The newest issue of The Kenyon Review features exciting new work from T.C. Boyle, Victoria Chang, Patrick Rosal, and Ross White. This issue also spotlights Jessie Cato’s Nonfiction Contest-winning essay, an Invisible Cities folio, and book reviews from Claire Oleson and Daniel Spielberger.
“Caduceus” by Perry Lopez, appears in the July/Aug 2021 issue of the Kenyon Review.
For your first night, I think you did very good.
What else can you say to a man who’s soaked in blood? The narrator of Perry Lopez’s savage story “Caduceus” is a new EMT, working the overnight shift as an apprentice ferryman of souls in a city where the local news broadcasts pandemic statistics and tear gas fills the streets. His first call is what the experienced EMTs call an FTF (failure to fly), so he starts his shift “bloody and dumb as a newborn.” The night goes downhill from there. Every tragedy this city can produce is part of the new guy’s learning curve, and the only way to learn is by doing. Read the rest of Why We Chose It.
Rosse Event Series: Last Chance to Join!
There’s still time—but just a few days!—to register for the Rosse Event Series, our online program of readings and panels on literature and the craft of writing. The second week of the series opens on Sunday, July 11, with a keynote conversation between Heid E. Erdrich and Louise Erdrich (winner of the 2021 Pulitzer Prize in Fiction for The Night Watchman). Registration gives you access to all twenty-two Rosse Series events, including those that took place (and were recorded) from June 20 to 26. The last day to register is Saturday, July 10. Learn more here.
Subscribe and Save
KR is celebrating summer by offering a sweet discount on the price of a subscription. Through the end of July, you can save 20 percent on subscriptions of one, two, three, or four years. That’s a lot of imagination, insight, and inspiration at a more affordable price. Take advantage of this offer now by using the discount code SUMMER21 in our online store.
Apply Now for Developmental Editing Fellowship
We are accepting applications through July 15 for our new mentorship program, the Developmental Editing Fellowship for Emerging Writers. Designed to nurture new voices in fiction, nonfiction, and poetry, the program pairs each writer with an experienced editor for monthly one-on-one conversations over a period of four months, with the aim of polishing a work-in-progress. Click here for more information.
Now Out: July/August Issue
Just published, the July/August issue of the Kenyon Review features work by two poets who piercingly explore race and historical memory at a time when these issues seem more urgent than ever before.
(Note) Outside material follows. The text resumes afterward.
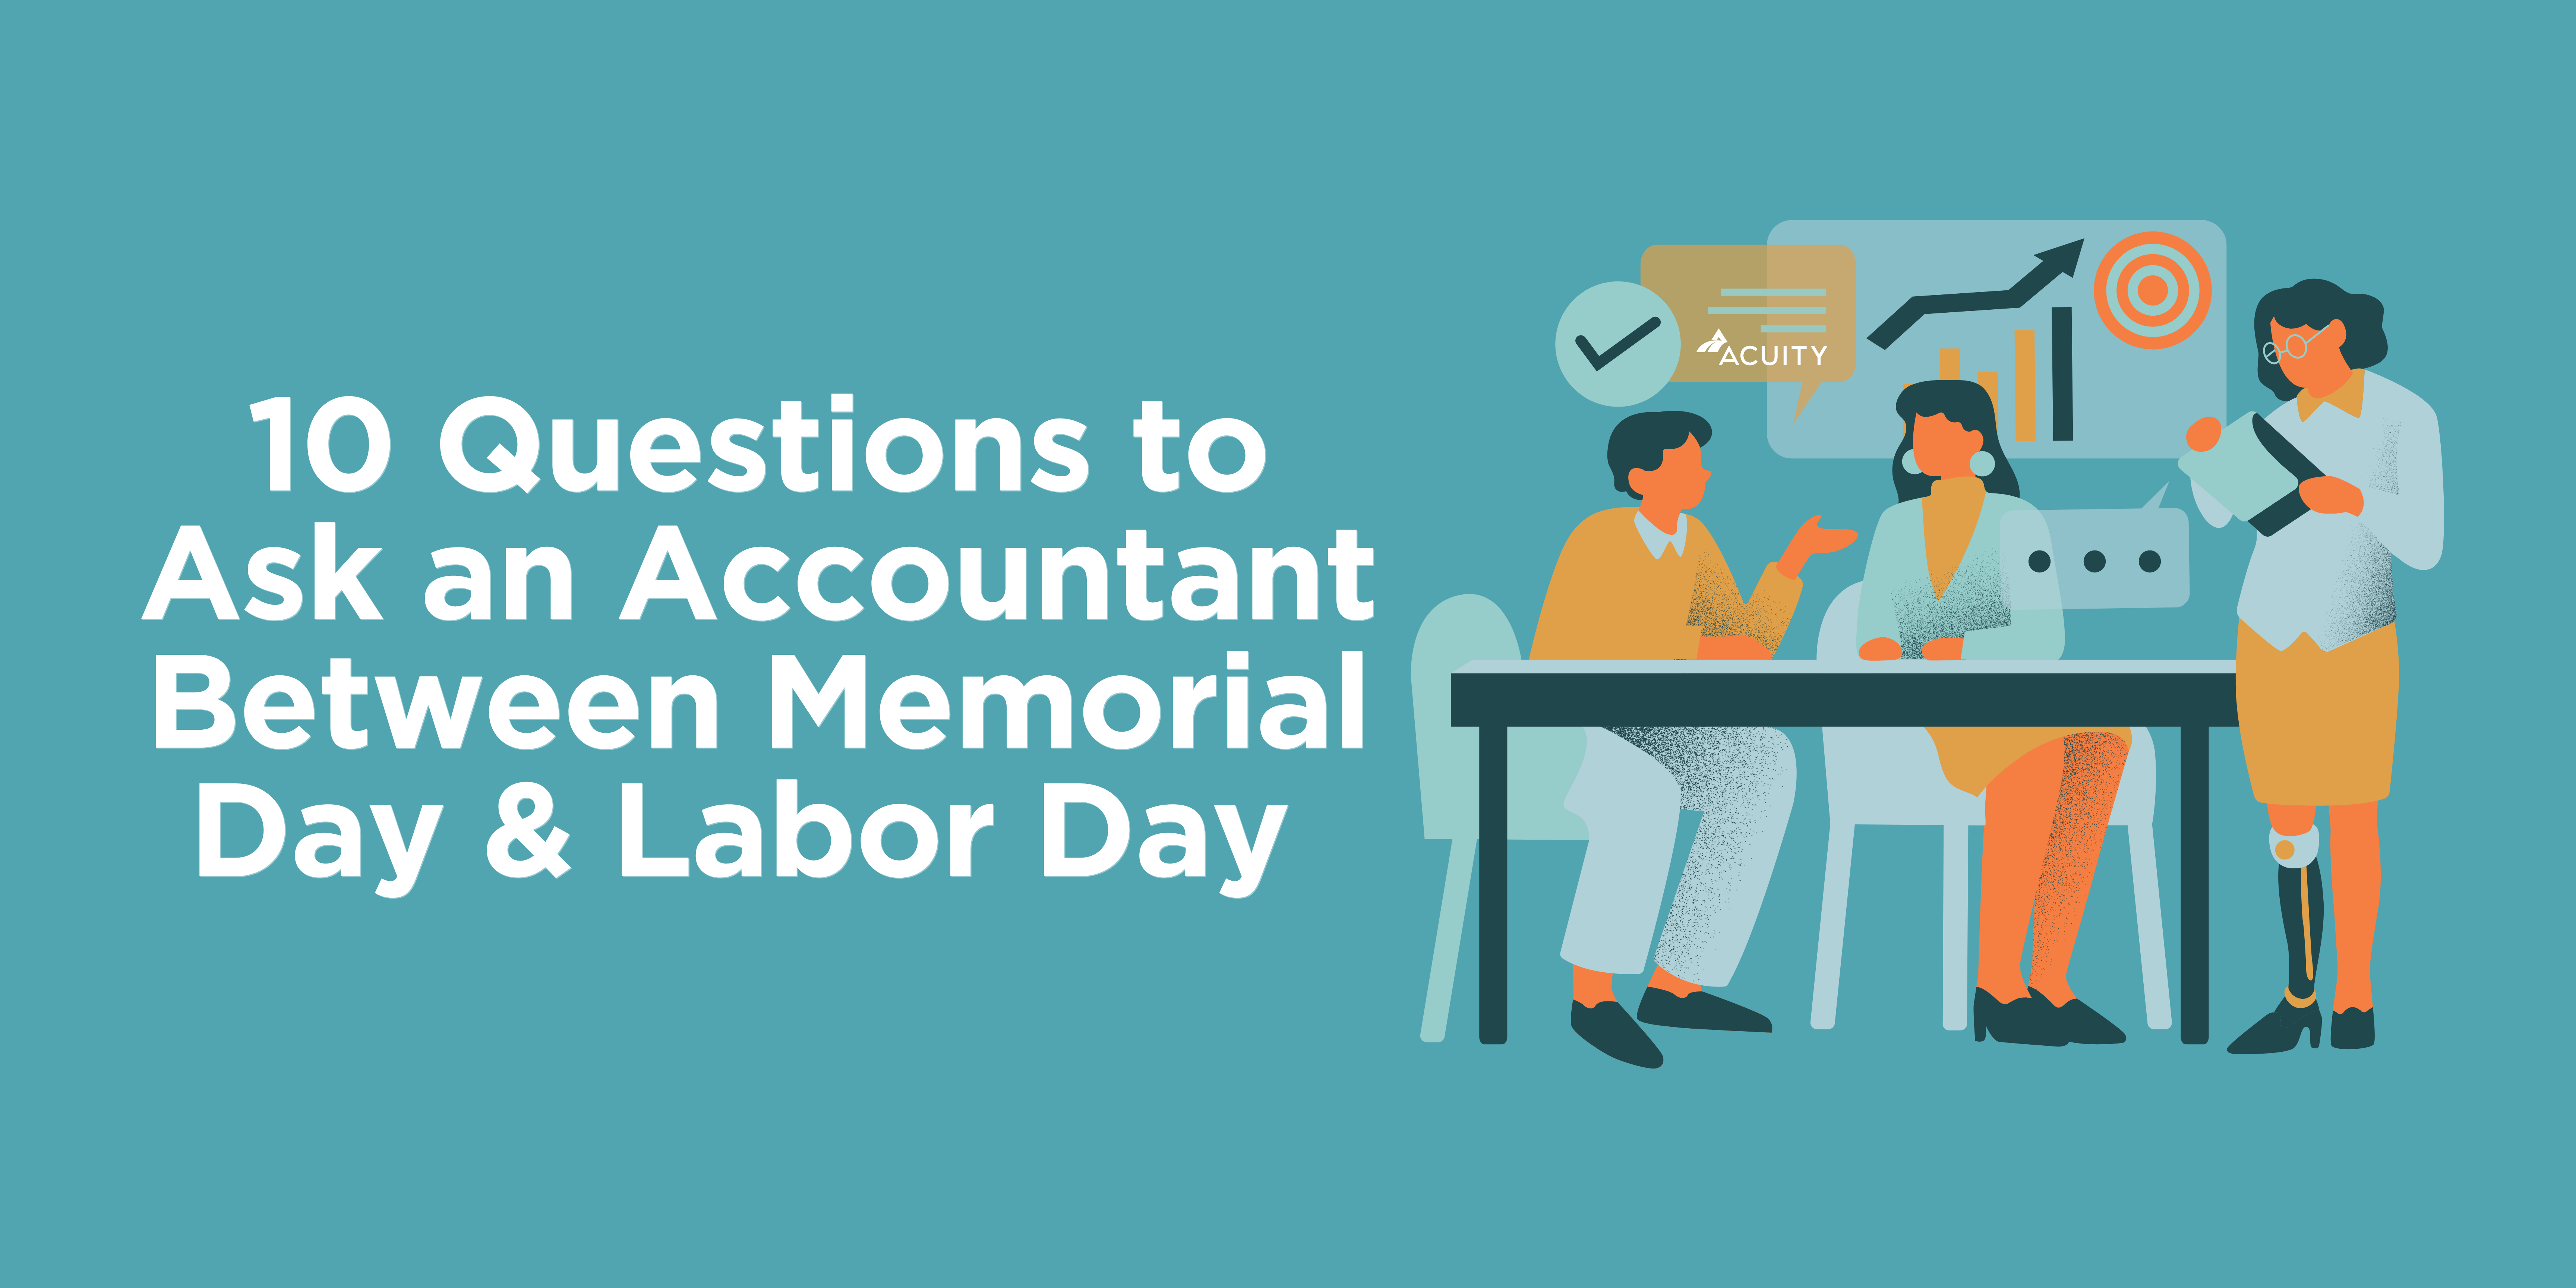 10 Questions Entrepreneurs Should Ask An Accountant Between Memorial Day and Labor Day | Acuity

The noted writer Paisley Rekdal (widely recognized for her nonfiction as well as her poetry) offers three poems from the extraordinary online project “West: A Translation,” which she created as the poet laureate of Utah to examine the cultural impact of the transcontinental railroad, particularly through the lens of the lives of Chinese immigrant laborers. The KR blog features an interview with Rekdal, here. The issue also includes two poems by Bryan Byrdlong, whose work—inspired in part by his family’s Haitian background—interrogates the figure of the zombie as it relates to Blackness and Black precarity in the face of white supremacy, and as a general symbol for those struggling with marginalization. Subscribe or order a print or digital copy today!
Kenyon Review Out Loud
Just as re-reading deepens appreciation, listening provides a way to savor and gain fresh insight into creative work. KR Out Loud brings you the poems, stories, and essays of every issue of the magazine, read aloud by their authors. Listen here.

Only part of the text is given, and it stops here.